The Justice League  is a team of superheroes appearing in American comic books published by DC Comics. The team first appeared in The Brave and the Bold #28 (March 1960). The team was conceived by writer Gardner Fox as a revival of the Justice Society of America, a similar team from DC Comics from the 1940s which had been pulled out of print due to a decline in sales.

The Justice League is an all-star ensemble cast of established superhero characters from DC Comics' portfolio. Diegetically, these superheroes usually operate independently but occasionally assemble as a team to tackle especially formidable villains. This is in contrast to certain other superhero teams such as the X-Men, whose characters were created specifically to be part of the team, with the team being central to their identity. The cast of the Justice League usually features a few highly popular characters who have their own solo books, such as Superman, Batman and Wonder Woman alongside a number of lesser-known characters who benefit from exposure. The Justice League was created to boost the profiles and sales of said characters through cross-promotion and helped develop the DC Universe as a shared universe, as it is through teams like the Justice League that the setting's characters regularly interact with each other.

Beyond comic books, the Justice League has been adapted to a number of television shows, films, and video games included.

Fictional overview

Members

The members of the Justice League are heroes who normally operate independently but who occasionally team up to tackle especially formidable villains. This is in contrast to teams such as the X-Men or the Fantastic Four, who normally operate as a team and for whom the team is central to their identity.

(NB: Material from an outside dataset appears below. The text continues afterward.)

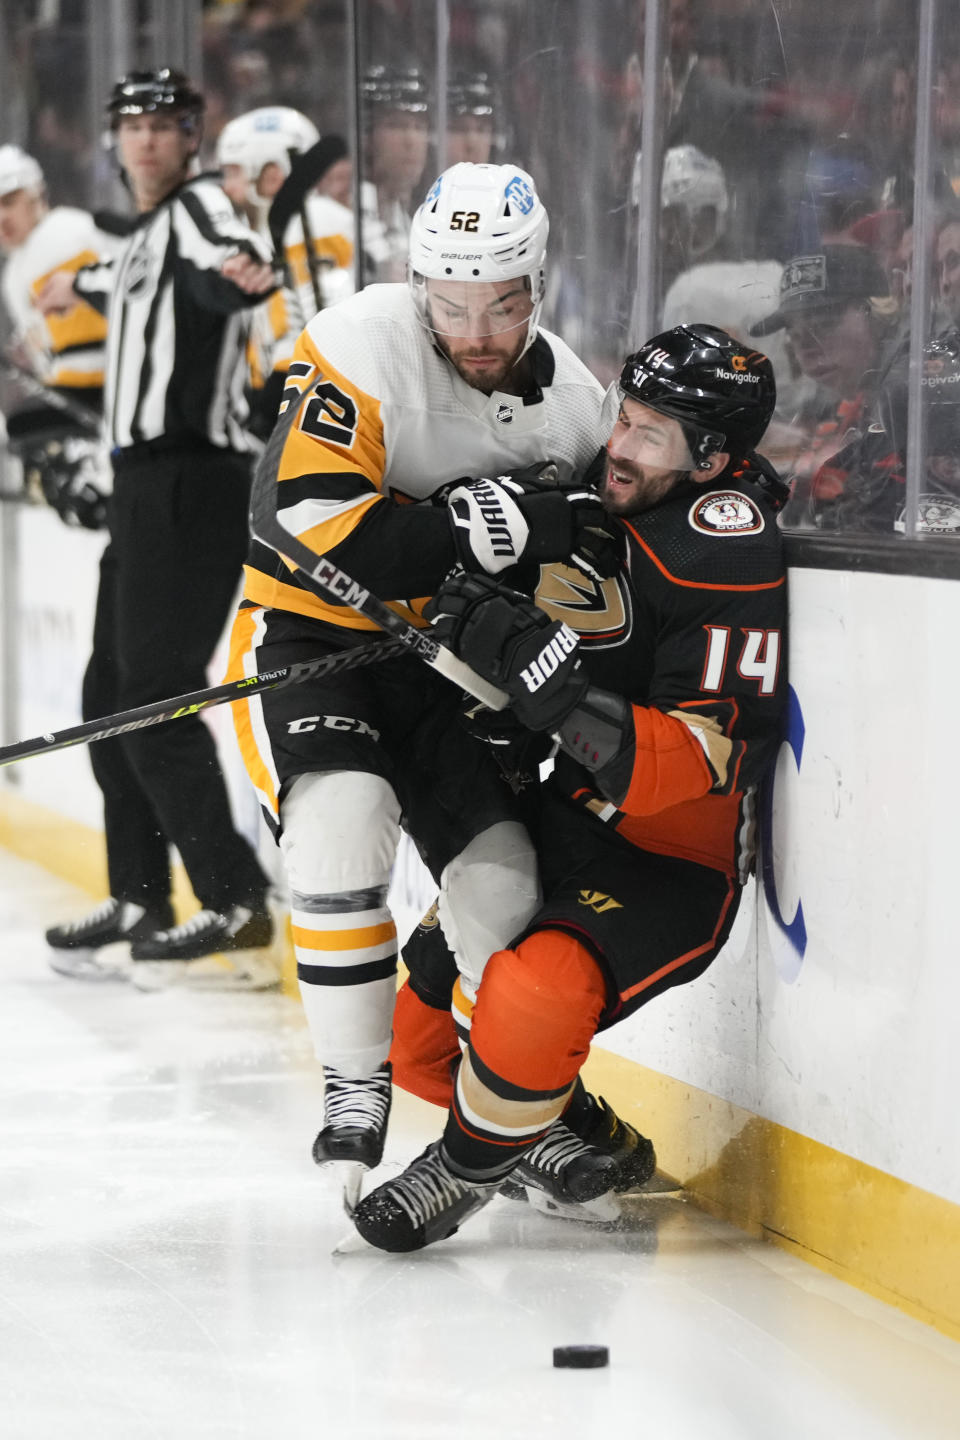 Anaheim Ducks' Adam Henrique (14) is checked by Pittsburgh Penguins' Mark Friedman (52) during the first period of an NHL hockey game Friday, Feb. 10, 2023, in Anaheim, Calif. (AP Photo/Jae C. Hong)

Most versions of the Justice League feature a select cast of highly popular characters from the DC Comics portfolio, such as Superman, Batman and Wonder Woman, to attract readers with their star power; and they often co-feature a few lesser-known characters who benefit from exposure, such as Cyborg or Black Canary. DC Comics has in several periods deviated from this formula, most notably in the late 1980s and early 1990s with books such as Justice League International, which deliberately featured a cast of lesser-known characters. The advantage of this was that lesser-known characters are not burdened by convoluted continuities, which gives writers more creative flexibility to write character-driven stories. This was done to emulate the model of Marvel Comics' X-Men comic books, whose stories were more character-driven and which favored more obscure or even new characters.

The Justice League is an independent group, although it usually accepts some constraints from the U.S. government or the United Nations so as to receive their sanction. Particularly in the early decades of publication, DC Comics was keen for its superheroes to be perceived as law-abiding because children were the main audience. The cast is rarely more than a dozen people in size so as to give a reasonable and equal time for each character. While sometimes the League is shown to have a designated chairperson or leader, there is otherwise no hierarchy; they are a small band of equals who make major decisions, such as inducting new members, by vote.

Headquarters
The Justice League operates out of a headquarters. In the 1960s, their headquarters was secretly in a hollowed-out mountain outside the fictional town of Happy Harbor in Rhode Island. In Justice League of America #78 (1970), they moved to a satellite. In the Super Friends cartoons which ran from 1973 to 1985, they operated out of the "Hall of Justice" located in Washington, D.C. During the brief "Justice League Detroit" era, they were headquartered in a repurposed bomb shelter in Detroit. In the JLA comic book which ran from 1997 to 2006, their headquarters was on the Moon and called "the Watchtower". The centerpiece of the headquarters is a conference table around which the Justice League discusses menaces to deal with. The satellite and Moon base headquarters are equipped with teleporters for those members who cannot fly to it.

Villains
The Legion of Doom was created for the  Challenge of the Super Friends animated TV series as a villainous counterpart to the Justice League. In that original incarnation, it consisted of established villains associated with each of the Justice League's members; e.g., Lex Luthor for Superman, Gorilla Grodd for the Flash, and the Cheetah for Wonder Woman. The Legion of Doom, or some variant of it, has since appeared in other TV shows and comic books.

Comic books
Since 1960, the Justice League has appeared in comic books published by DC Comics (periodicals and graphic novels). These comic books constitute the bulk of Justice League fiction.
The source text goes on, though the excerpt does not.